If he saw Dad again. If Dad wanted to see him again. If he could get to them.
Getting there was going to be a challenge, Neteyam thought. He brought the map back up and lay down on the bed, staring through the display at the ceiling. Neteyam had a very general idea of his world's geography. There was a globe of Pandora back at Hell's Gate that he and his siblings had looked at and played with, but he'd never bothered trying to memorize any of the features or the names the humans had given them, because those didn't seem like something he would ever need to know. Now he looked at the hovering sphere and wondered what sort of scale it was at. What did a day's travel look like?
The world was a sphere, but it was so big that you couldn't see that from the ground. Only once you got into space was the curve obvious, and even then, it looked huge. If he had to turn the virtual globe with his fingers to get from the place marked you are here to the islands Bush had mentioned, it had to be a very long way. Days by banshee, which he didn't have. Even longer by direhorse...

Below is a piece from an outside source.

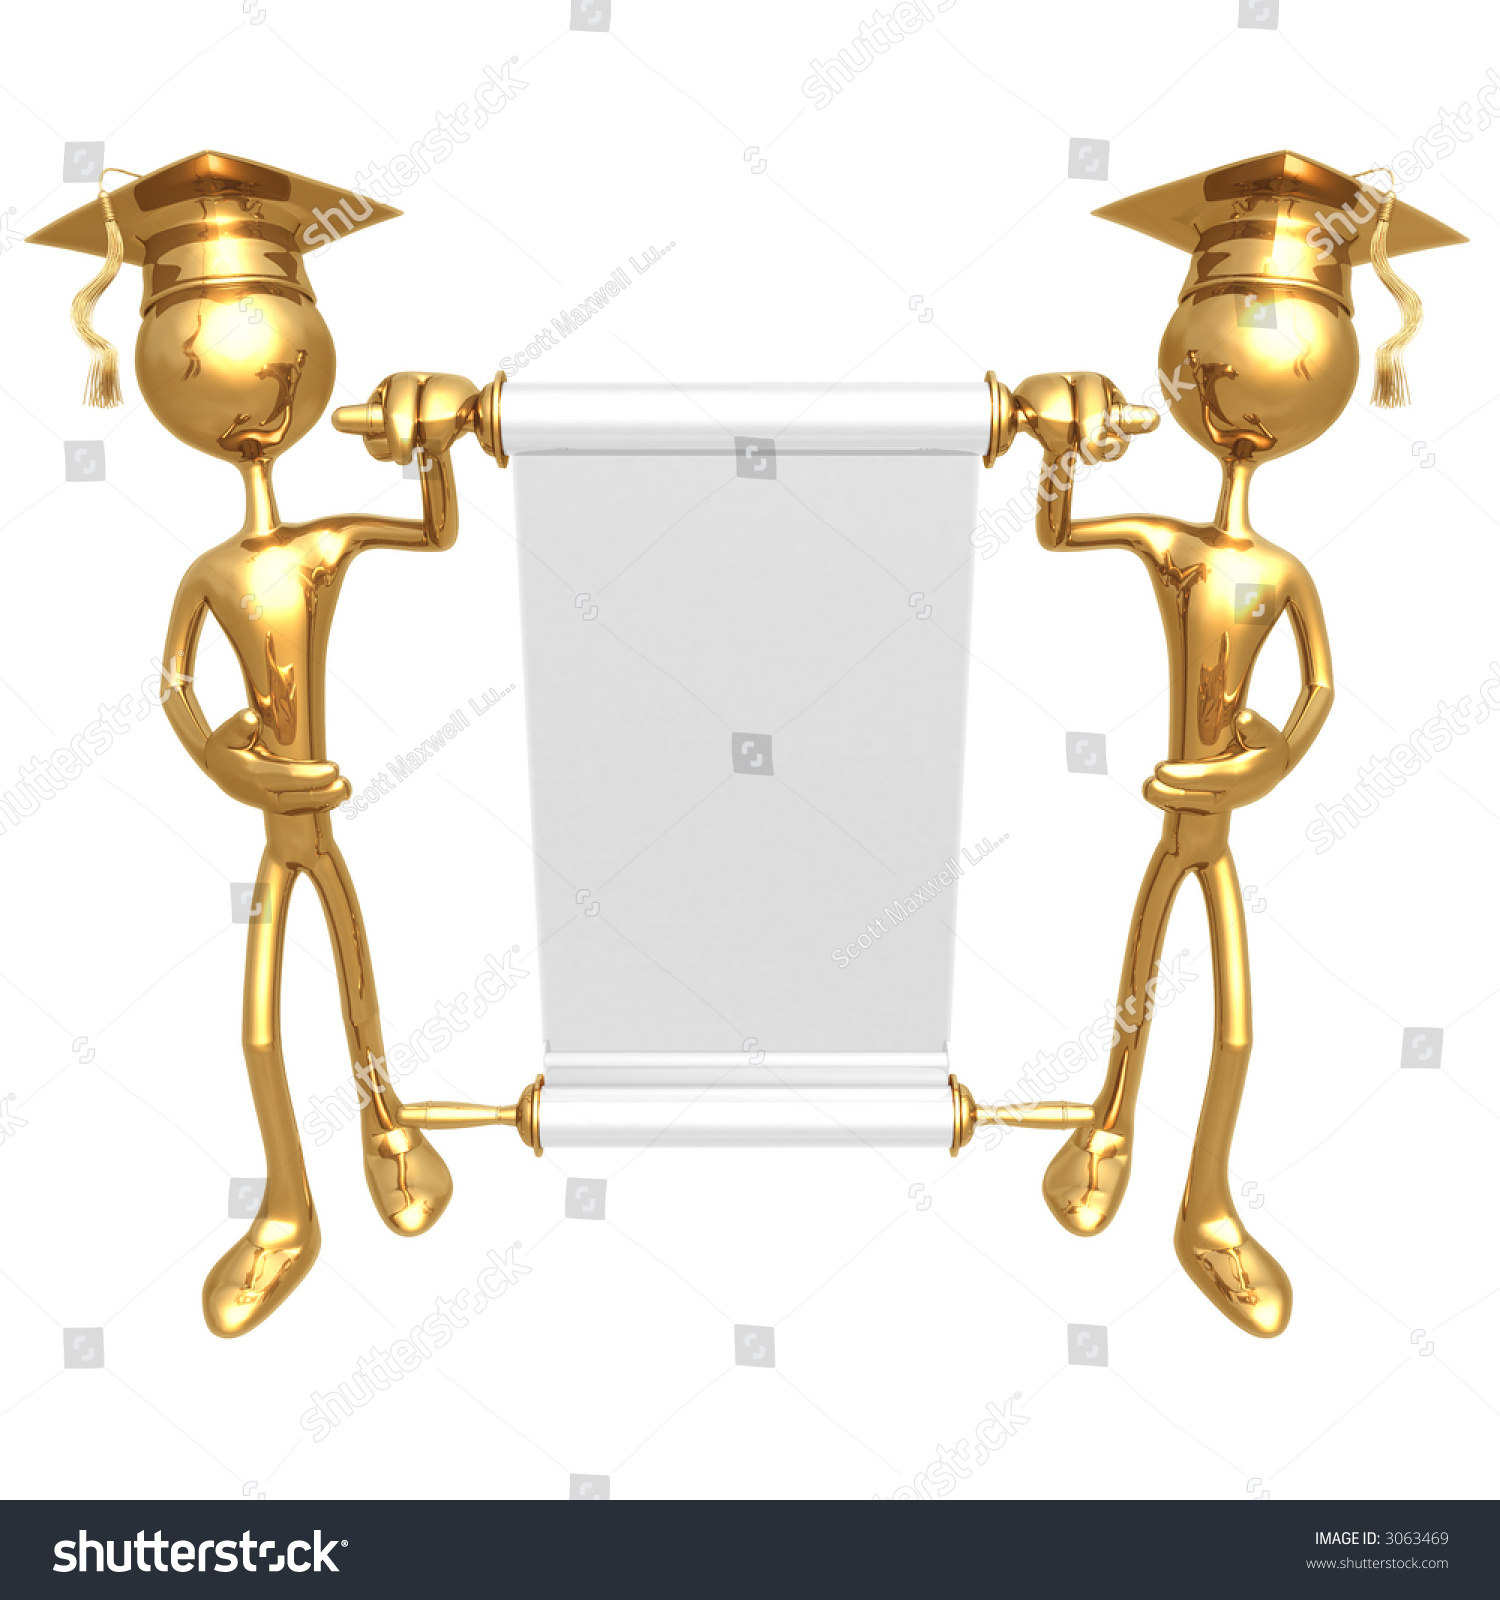 golden grad 39 s presenting a blank scroll graduation concept stock photo 3063469 shutterstock. Black Bedroom Furniture Sets. Home Design Ideas

... but that wasn't an option, either. He couldn't ride a beast he hadn't made tsaheylu with. He wouldn't be able to tell it what to do. It wouldn't know if he were a friend or an attacker.
He definitely couldn't go on foot, that would take weeks. What he needed was one of those flying machines the Sky People used. How could he get one of those? There were a couple of them at Hell's Gate and there must be dozens here, but everything in this placed seemed to be guarded.
Then he realized the answer was right there: Hell's Gate. That would have to be the first place he went anyway, wouldn't it? The humans who lived there were, and always had been, friends of the People. They would help him.
When Neteyam had first started coming up with his plan over dinner, it had been a very vague idea that started and ended with tricking the Sky People into letting him out of this complex. Now he had something to do after that. Now this was starting to feel like a real plan.
Getting to Hell's gate would be the easy part, though. It was getting out of here that was going to be hard. His plan was working so far. Bush had taken the way he'd said map to mean he wasn't sure what that was, and had explained, showing him an 'application' on the holopad that would help him make one. He probably didn't think Neteyam would know how to do anything else with the device – and he didn't know much but there were a few things he knew it could be good for.
In the mean time, he brought up the drawing application. Neteyam did know what a map was. He'd used ones humans had made, and he'd even scratched a couple of them in sand when explaining to somebody else how to find a place. If he wanted, he could probably draw a pretty good, clear map of the caverns above the Noro River.
But now wasn't the time to draw a good map. Right now, he needed to draw a really, really bad one.